Diamond Lake, OR to S. Lake Tahoe, CA

396 Miles/634 Km

2 July 2011

Route Map

Click on pinpoints for local information

Destination Map

Photographs and Commentary
Click on picture to enlarge

We planned on an early departure from Diamond Lake so that we would have more time in Lake Tahoe in the afternoon. At the time of our departure the temperature was a balmy 37 degrees. Our route took us through Klamath Falls, OR and south into California. Shortly after we got into California we had to stop for a mandatory Gypsy Moth inspection, which took over ten minutes while two inspectors thoroughly checked the outside of the trailer and crawled underneath to look for egg sacks... that was a new experience for us.

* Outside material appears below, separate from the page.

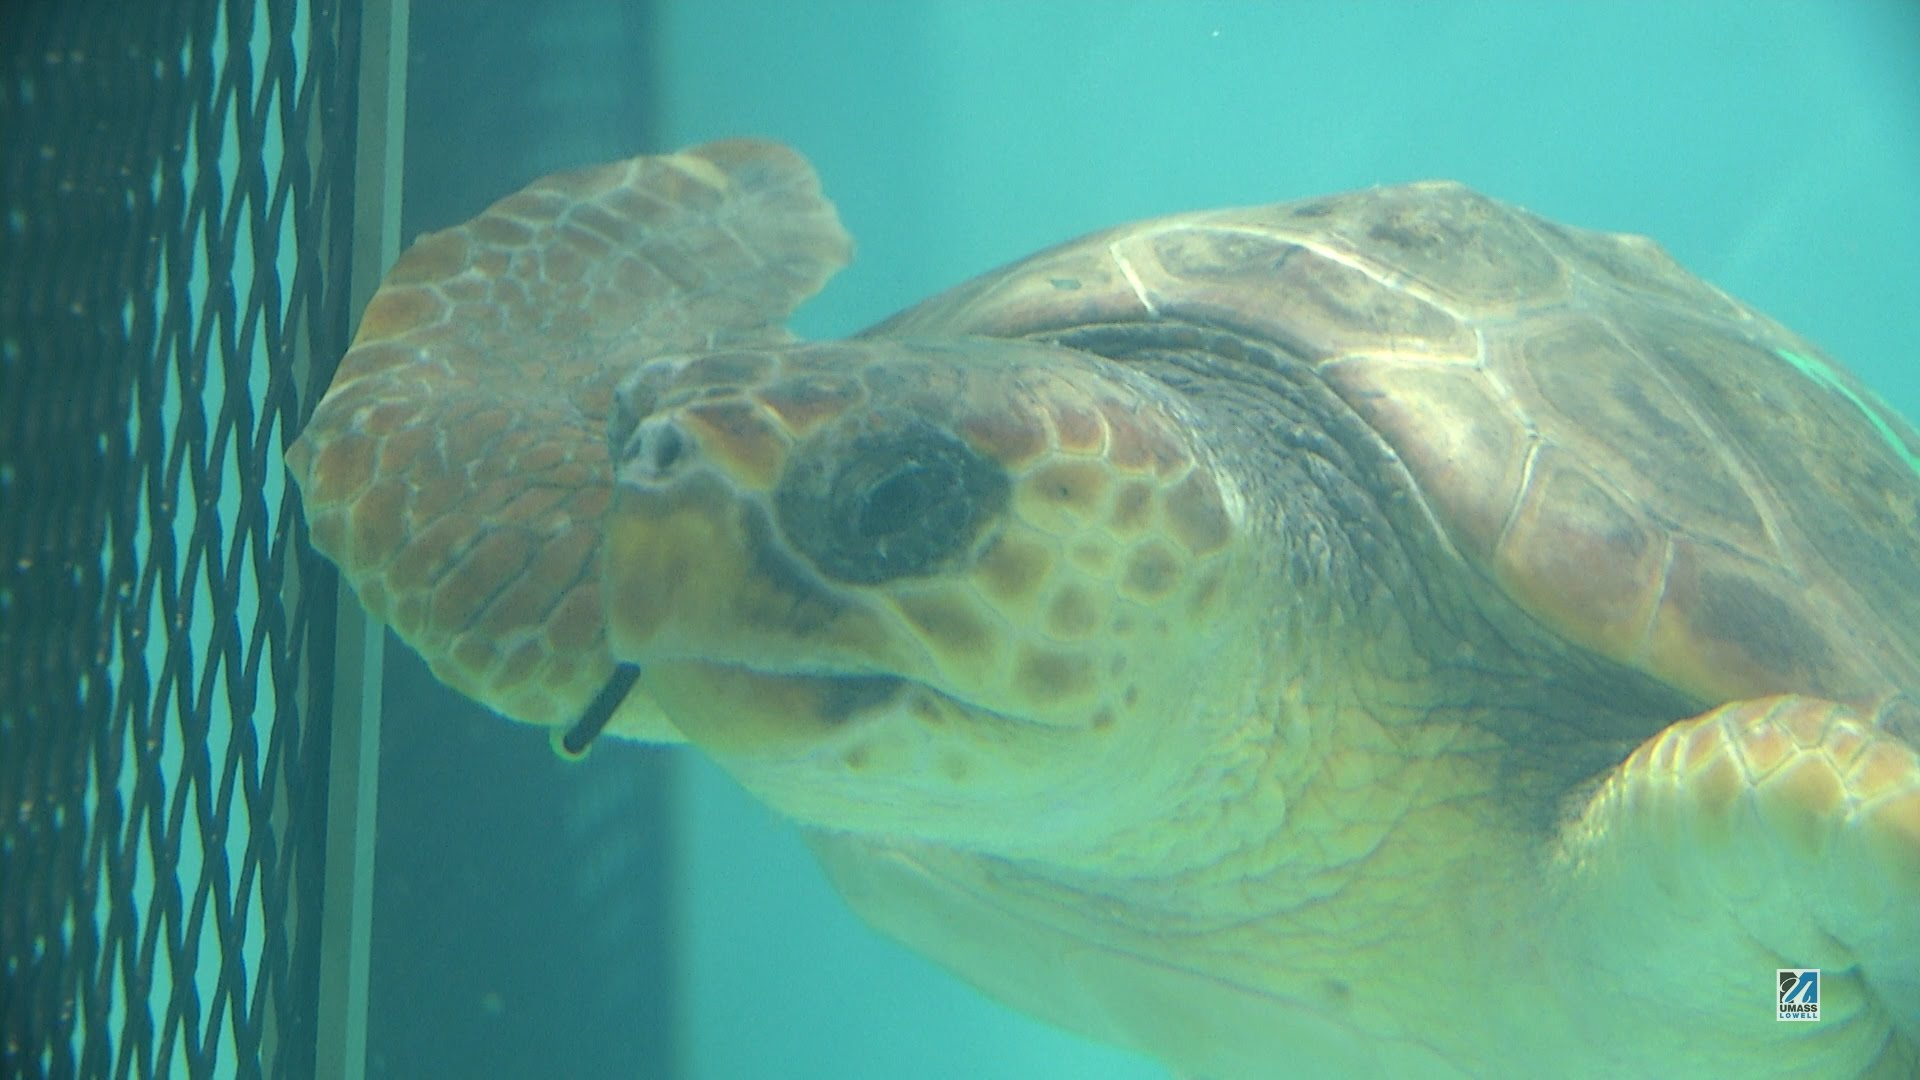 Endangered Kemp's ridley sea turtles (1080p 60fps) - YouTube

The route then took us southeast through the high desert of California, over the Sierras into Reno, NV. At Reno we continued south to Carson City, NV and then west over the mountains into the Lake Tahoe area. In the course of our trip we went from 37 degrees to 93 degrees in the high desert area and down to the upper 70s when we got over the pass into the Lake Tahoe area.

The area we traveled through is sparsely populated and that raised some concerns about the availability of diesel fuel. Experience has taught us not to wait until we are in the middle of nowhere to start looking for fuel. When we travel the Interstates I will wait until I'm down to a quarter tank before starting to look for fuel. In sparsely populated areas, such as what we drove through today, we start looking for fuel at the half tank mark. We also carry a five gallon can of diesel as a reserve (we have only relied on the reserve once in our travels). One of the biggest towns we drove through was Susanville, CA (I'm not kidding) and this was just about at the half tank mark. There were several stations selling diesel and our full tank took us to our destination with plenty of fuel to spare.

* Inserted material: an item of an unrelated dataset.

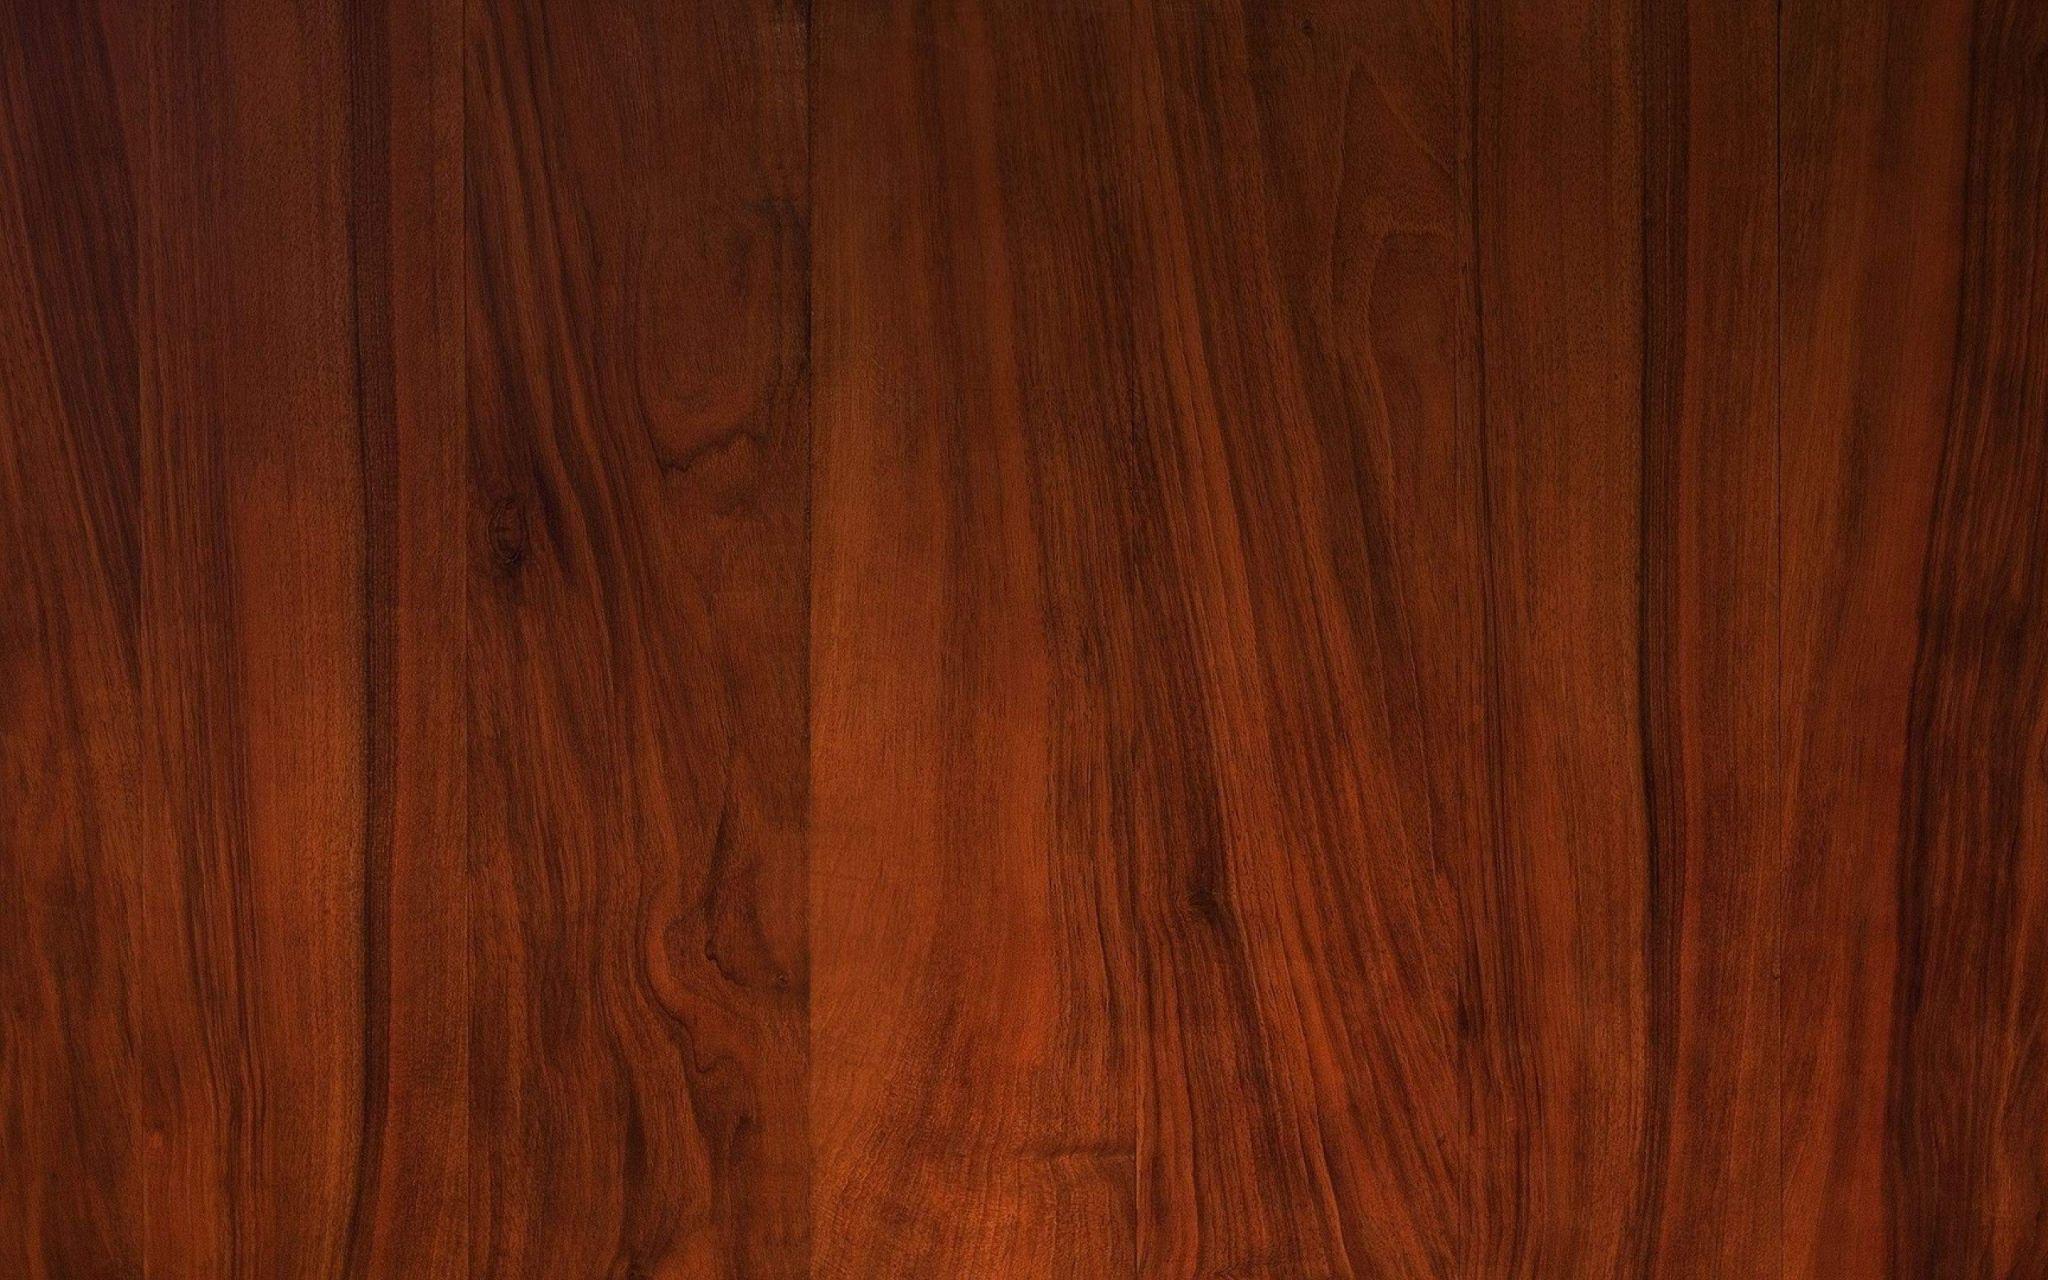 wood background hd | ololoshenka | Pinterest | Wood ...

As it turned out we didn't get into Tahoe Valley Campground until about 4pm so we didn't have a chance to look around South Lake Tahoe. This trip also proved the fallibility of technology. We have been reliant on our GPS and other route planning software for routing us between stops. In the past we have had minor errors from the GPS because of bad data in the GPS (we have found that several GPS and mapping programs, including Google Maps) rely on the same databases and thus the errors occur on all of them. For the various segments of this trip I used a mapping software that is part of the electronic version of the Trailer Life RV Directory. It provided the routing we took today. I also checked with Google Maps and got the same routing. My GPS gave me the same routing in car mode and a different one that was 90 miles longer in truck mode. I always drive with GPS in truck mode when we are towing because it takes into consideration the size and weight of the truck-trailer combination (so does the Trailer Life Directory) so I started off with GPS in that mode. When we got to Klamath Falls the GPS wanted us to go southwest to pick up I-5. The other programs told me to the left fork and head southeast into California so we did. I thought that after a while the GPS would recalculate the route to match the other programs. It did not and eventually froze up (I guess the women inside the GPS decided to get even for our ignoring her). We relied on routing information from Trailer Life Directory which I sent to Susie's iPad for the rest of the trip. The GPS finally found itself as we were coming into Lake Tahoe where I didn't really need it. Until 2009 I always put together a book with the map and way points for each travel day. After today's experience, I am going to go back to the book so that we have a non-electronic backup.